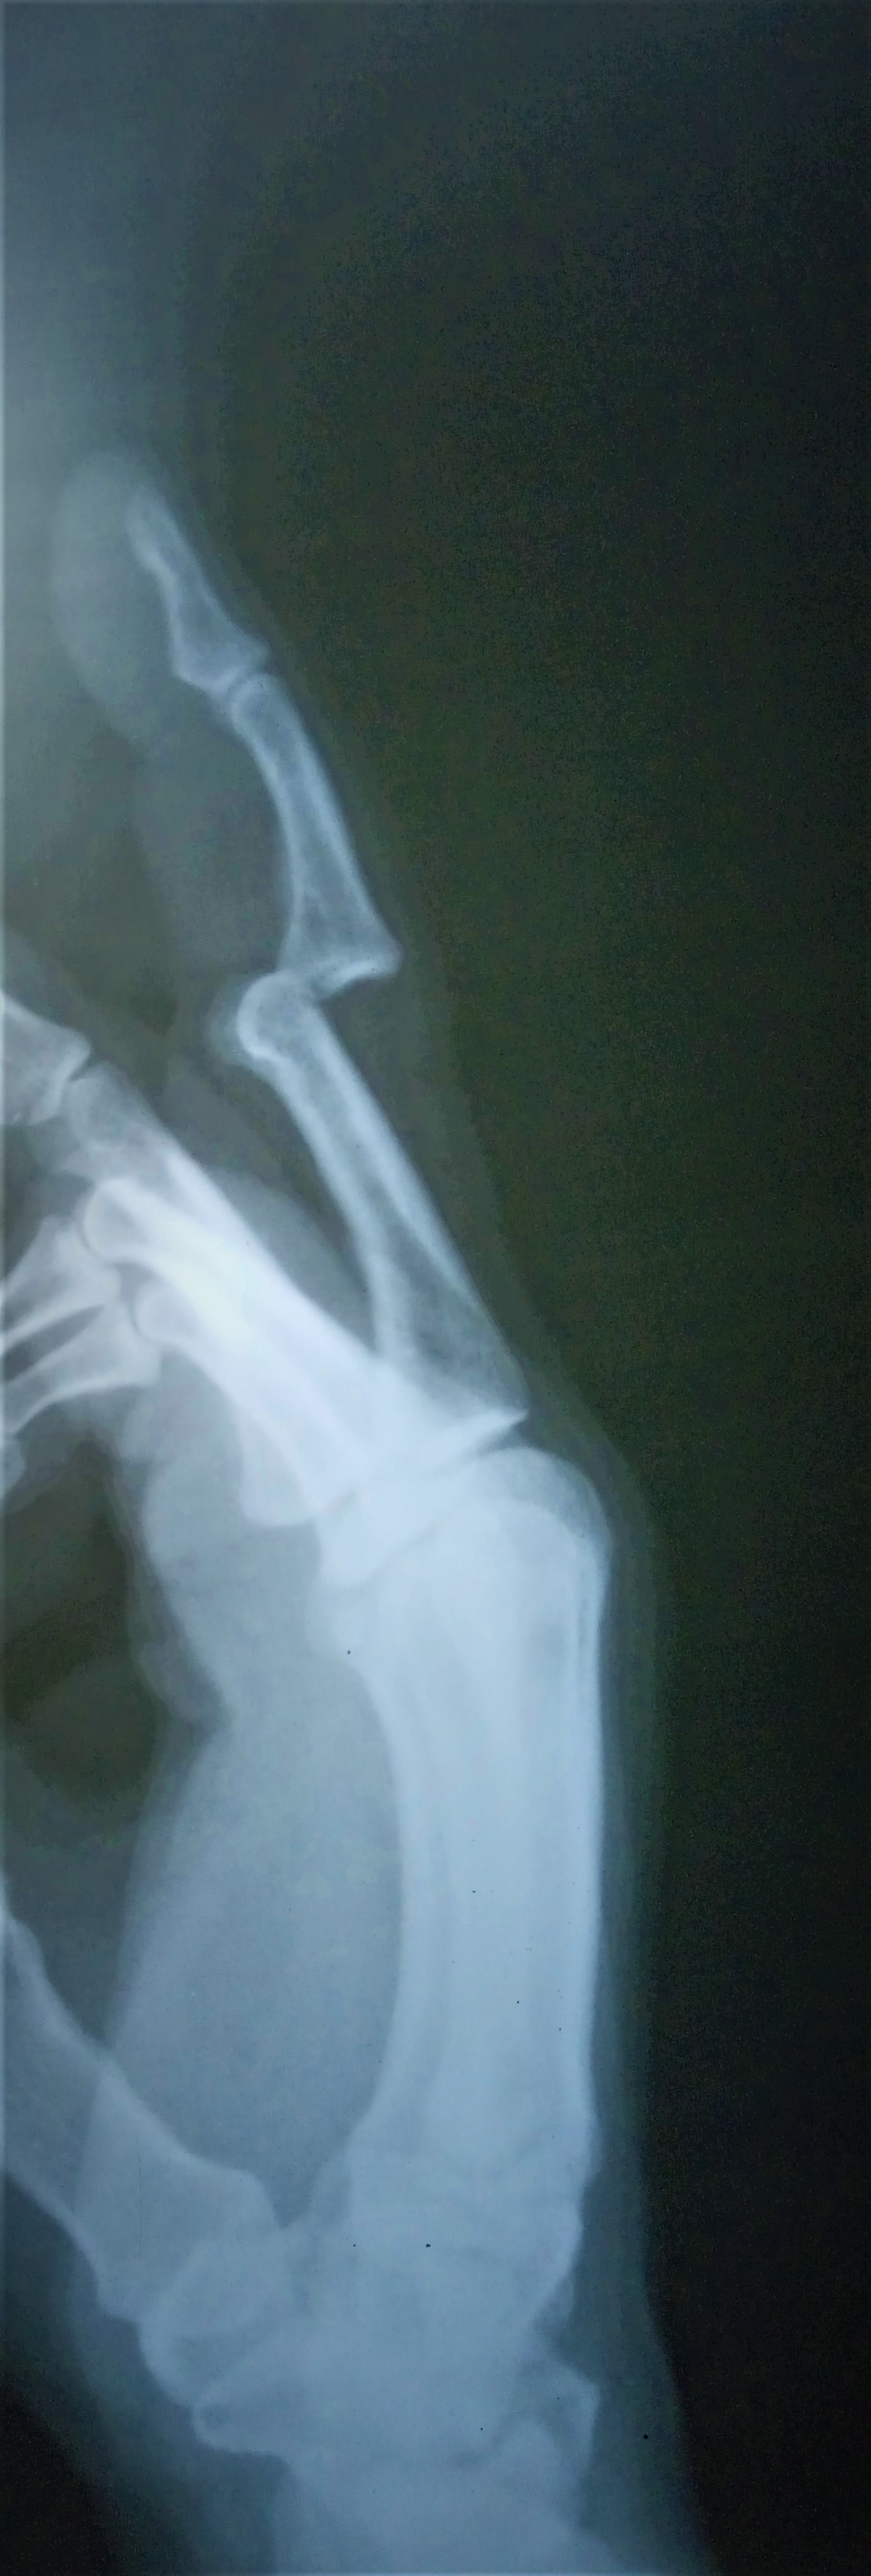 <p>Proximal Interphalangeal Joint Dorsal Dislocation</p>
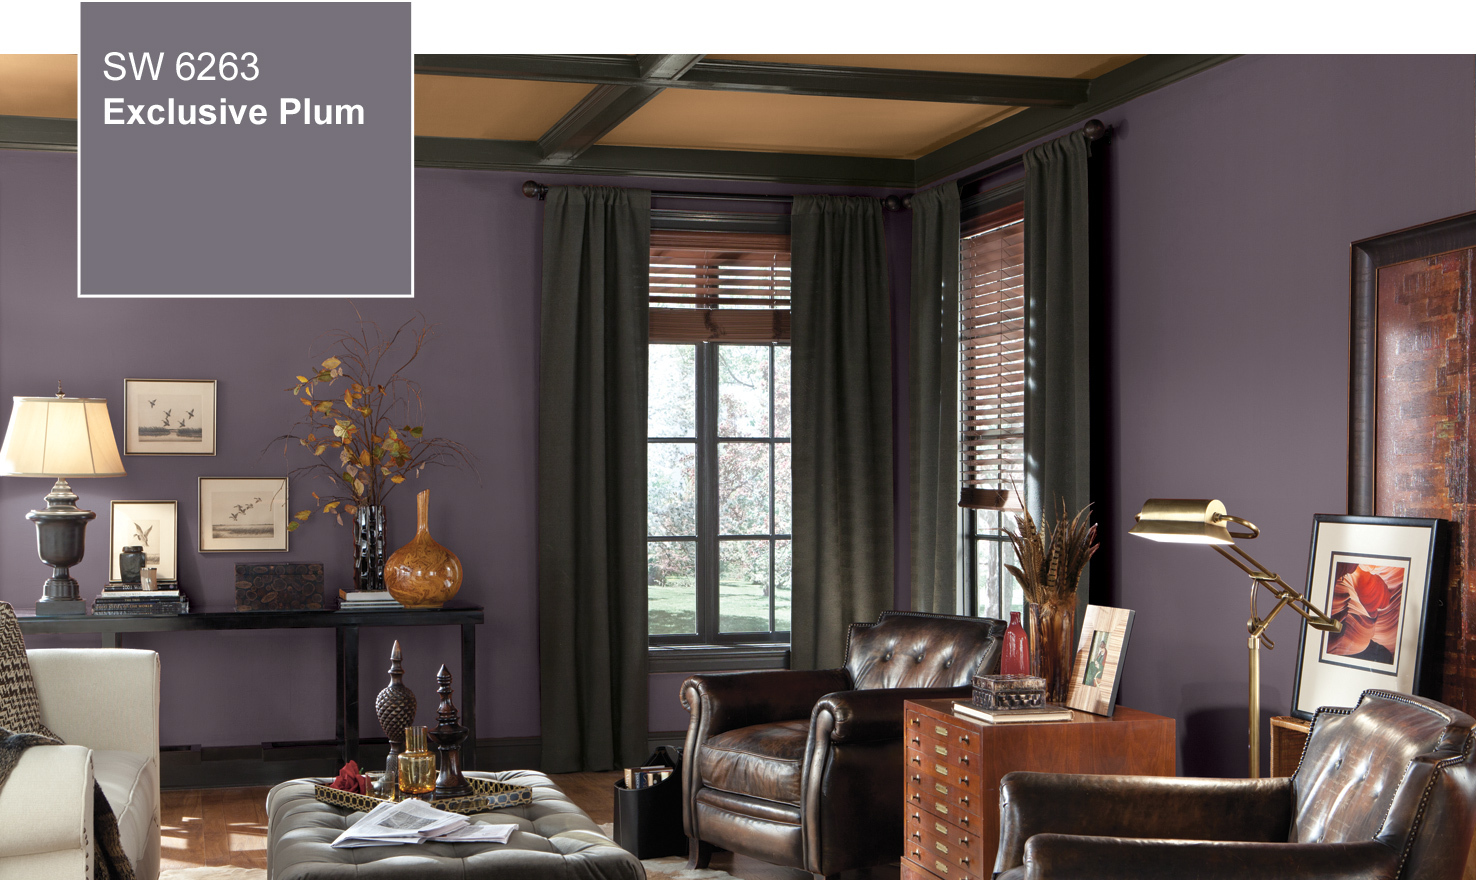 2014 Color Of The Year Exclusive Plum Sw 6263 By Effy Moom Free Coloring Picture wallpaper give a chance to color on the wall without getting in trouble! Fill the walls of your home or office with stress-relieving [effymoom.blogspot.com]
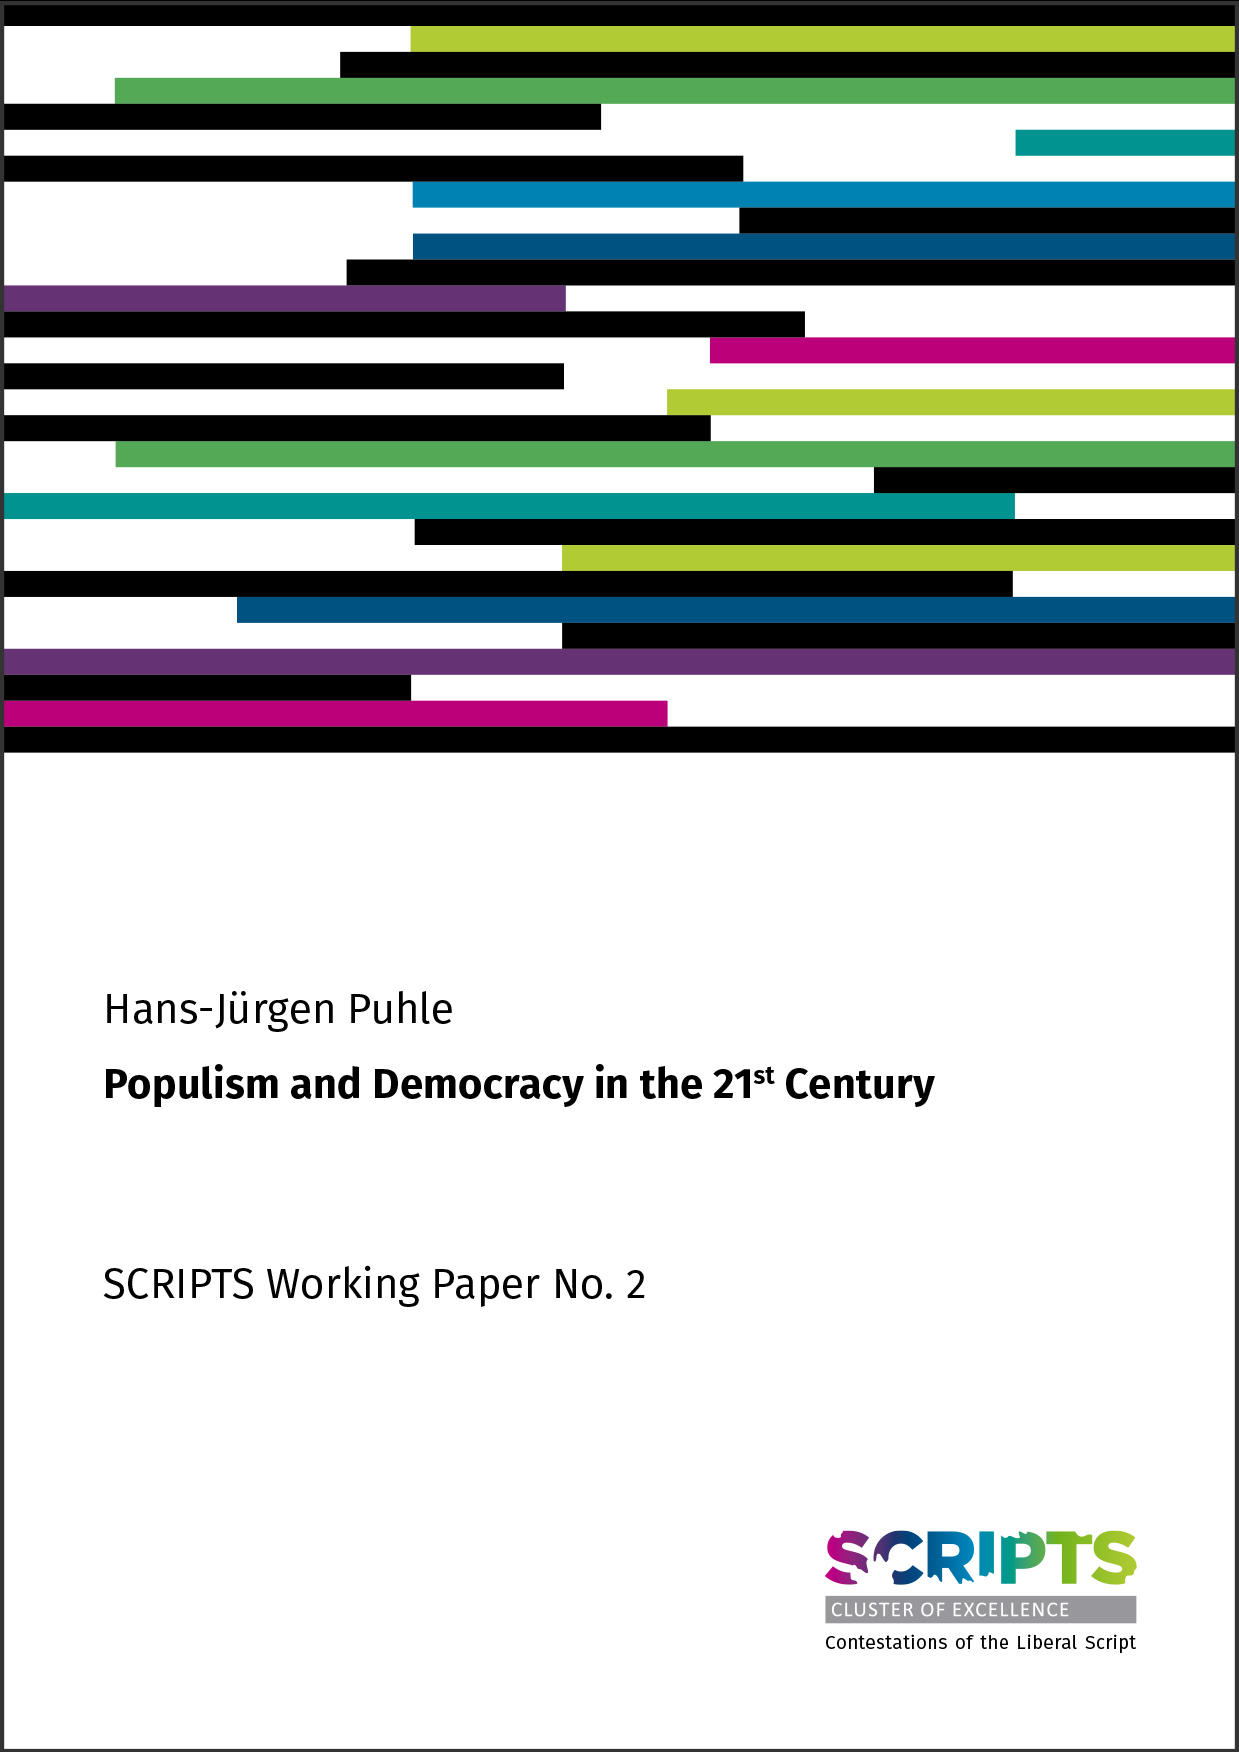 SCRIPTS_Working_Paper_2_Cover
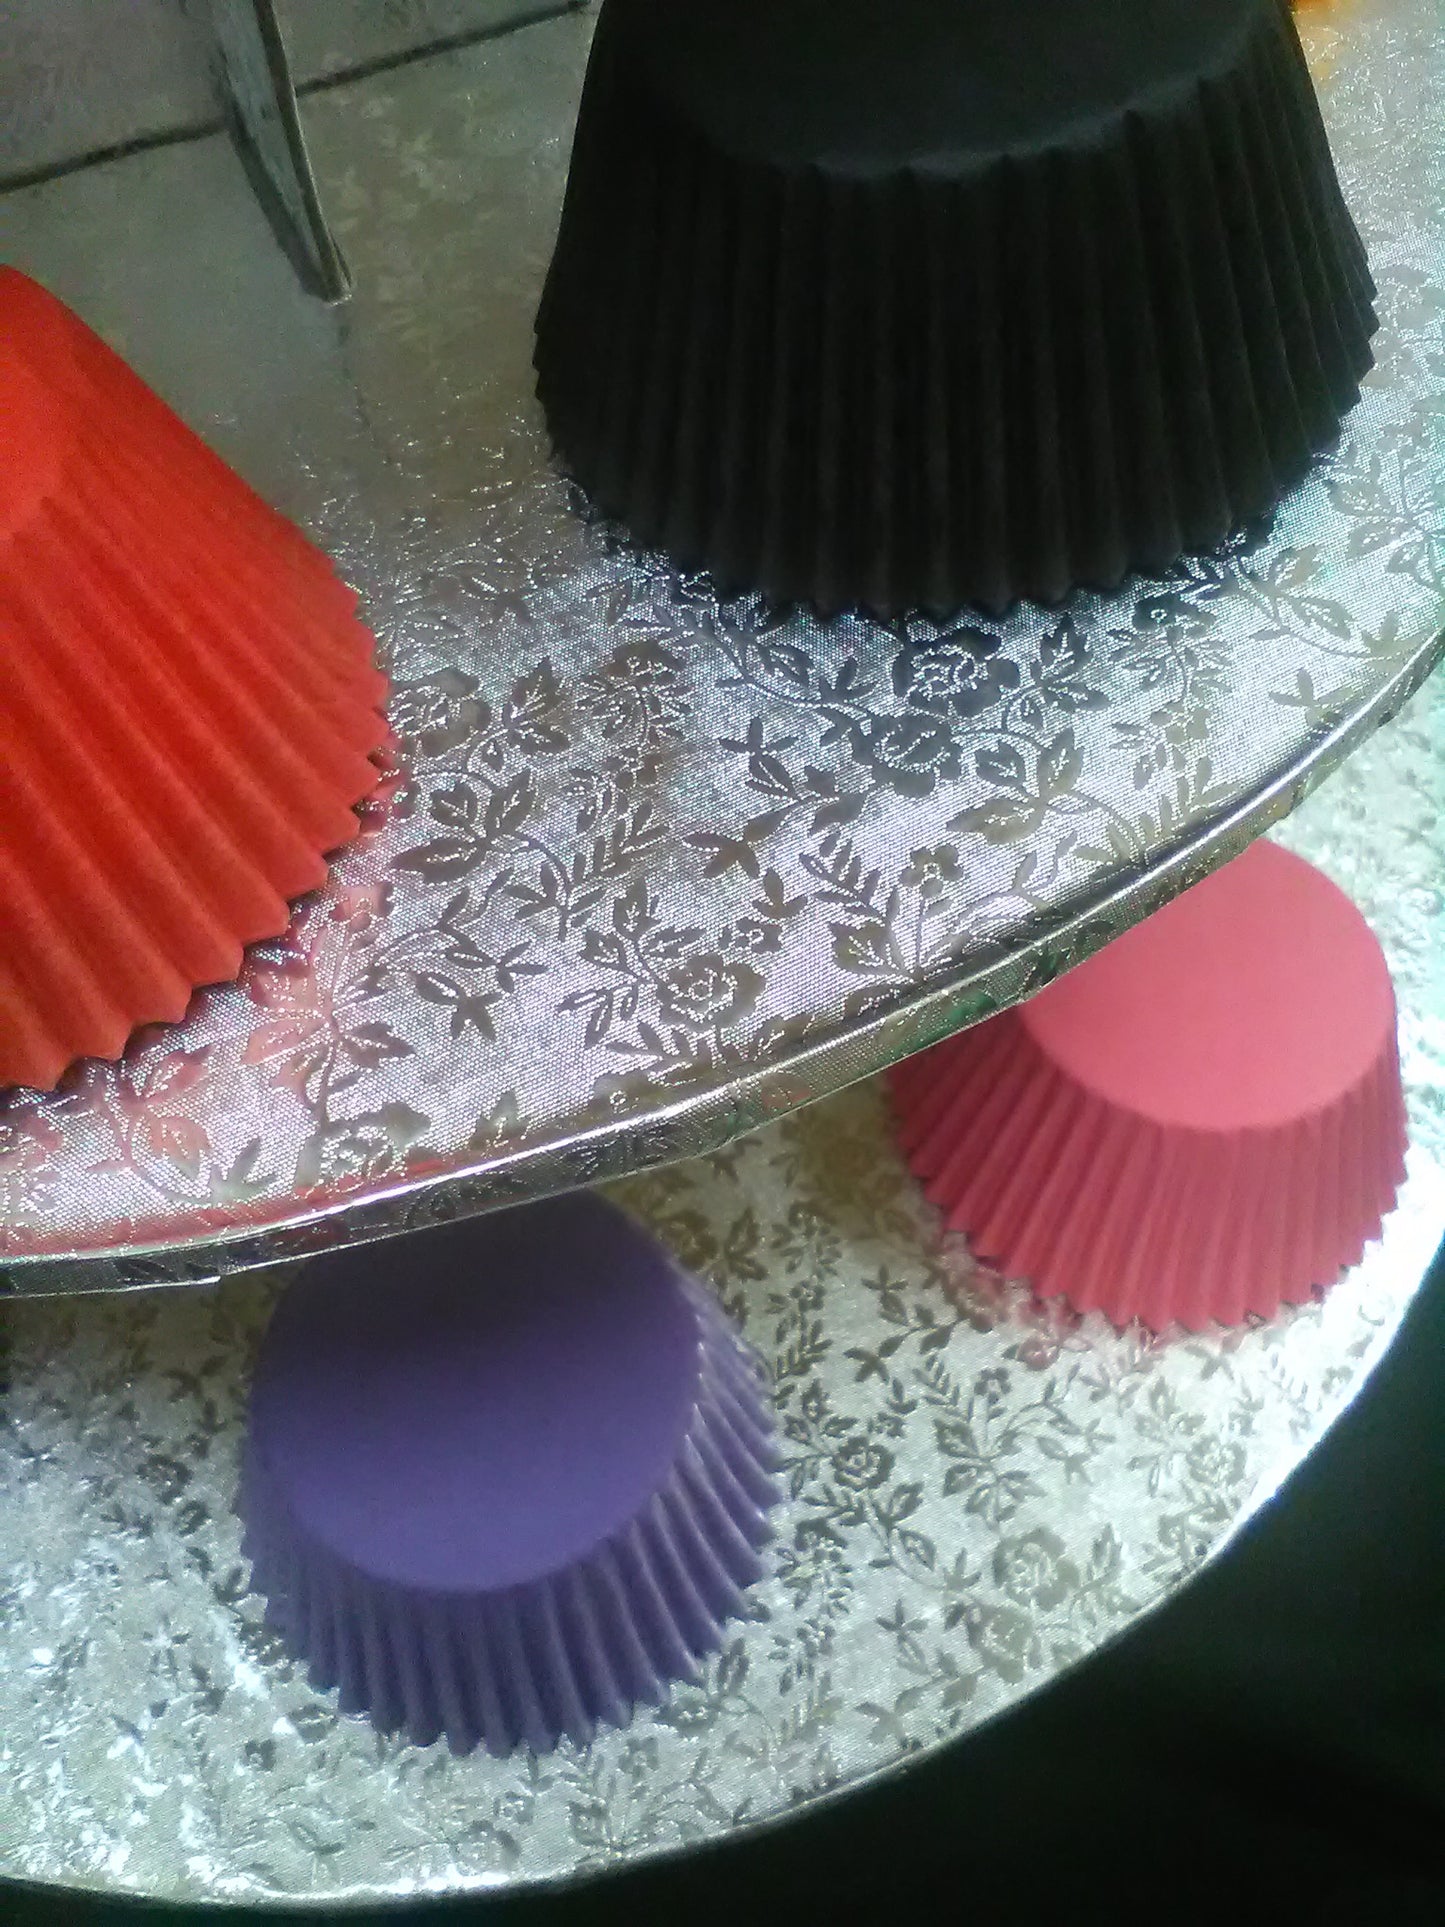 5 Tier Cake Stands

- EXERCISE -
A verbatim copy is needed of the lines running from the line with "SCRIPTS_Working_Paper_2_Cover" to the end of the data above, both included. Keep the pictures out of it.

- EXPECTED ANSWER -
 SCRIPTS_Working_Paper_2_Cover
 5 Tier Cake Stands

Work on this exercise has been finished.